# she is so amazing!!!



## Miss Molly May (Feb 19, 2010)

My girl is now 5 1/2 and she still amazes me!! A few weeks ago Molly was invited to my wife's school to participate in their winter carnival parade. The students(grade2) built a float to push her in. She jump right in it with a big ol' smile and was push by the students around the gymnasium.
There was loud music, children talking, clapping, shouting and nothing bothered her what so ever!!!. SHE IS SUCH A AMAZING GIRL!!!
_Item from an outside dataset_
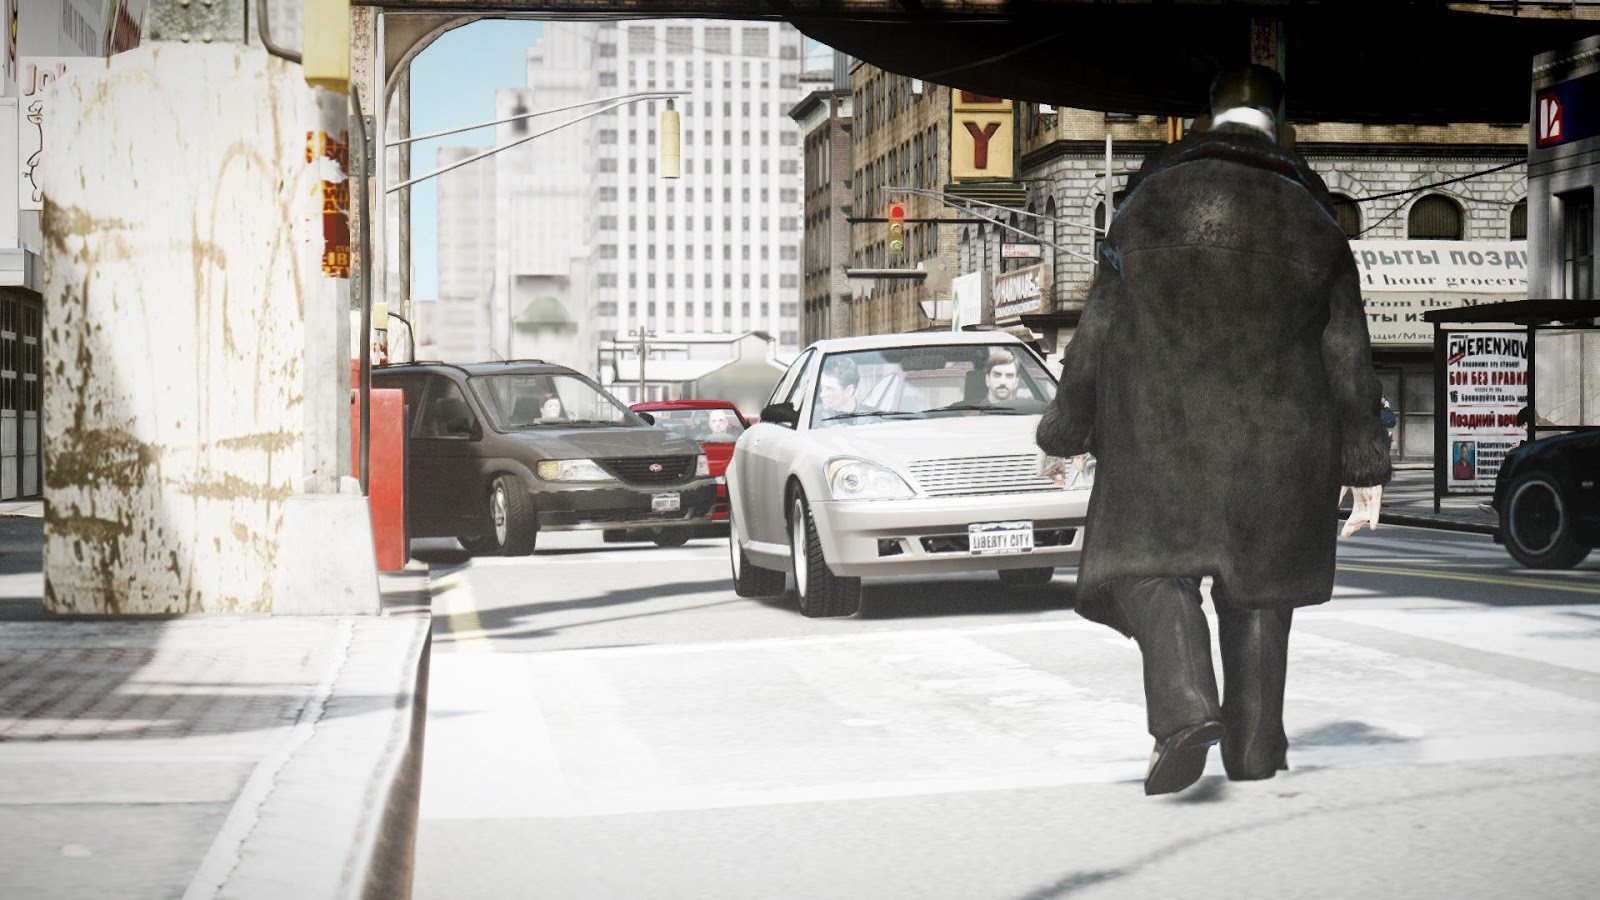 GTA 5,GTAV,GTA IV Mods and Skins: GTA 4 MOD:Max Payne 3

She often visits my wife's class as a reward for good behaviour! The kids each get a treat and one by one the come to the front of the clas and give her a command! The most popular command from the students is "heel" for some reason they love walking around the classroom with Molly


----------



## Debanneball (Aug 28, 2014)

Congratulations to Molly! Its great when your dogs make you proud...


----------



## wick (Mar 7, 2015)

Miss Molly May said:


> My girl is now 5 1/2 and she still amazes me!! A few weeks ago Molly was invited to my wife's school to participate in their winter carnival parade. The students(grade2) built a float to push her in. She jump right in it with a big ol' smile and was push by the students around the gymnasium.
> There was loud music, children talking, clapping, shouting and nothing bothered her what so ever!!!. SHE IS SUCH A AMAZING GIRL!!!
> 
> She often visits my wife's class as a reward for good behaviour! The kids each get a treat and one by one the come to the front of the clas and give her a command! The most popular command from the students is "heel" for some reason they love walking around the classroom with Molly


THIS IS SO DARN CUTE!! Do you have picture of any of these things happening because I might die of happiness if I see them. She sounds so cool, she also sound like she has a fun life! What was she like as a puppy ? Was she calm, roudy, mouthy, stubborn, easy going, confident?? Did you do other training than obedience? Did you use a trainer or was she easily trained at home? Sorry to be annoying she just sounds amazing!


----------



## Miss Molly May (Feb 19, 2010)

wick said:


> THIS IS SO DARN CUTE!! Do you have picture of any of these things happening because I might die of happiness if I see them. She sounds so cool, she also sound like she has a fun life! What was she like as a puppy ? Was she calm, roudy, mouthy, stubborn, easy going, confident?? Did you do other training than obedience? Did you use a trainer or was she easily trained at home? Sorry to be annoying she just sounds amazing!


 I'll post pics as soon as I get them She is my best friend, and fishing buddy, we bring her everywhere with us If she's not welcome then just don't go!!! She was far from calm typical mouthy, stubborn as a puppy.We did about 3 years of training obedience, agility, and tracking. She is amazingly gentle when kids are around:wub: I wouldn't trade her for a million dollars!!


----------



## mia12 (Feb 21, 2015)

Awh!! She sounds wonderful!!


----------



## royals17 (Feb 15, 2015)

That's great!!


----------



## Palydyn (Aug 28, 2014)

Love to see pictures of her on the float. She does sound amazing.


----------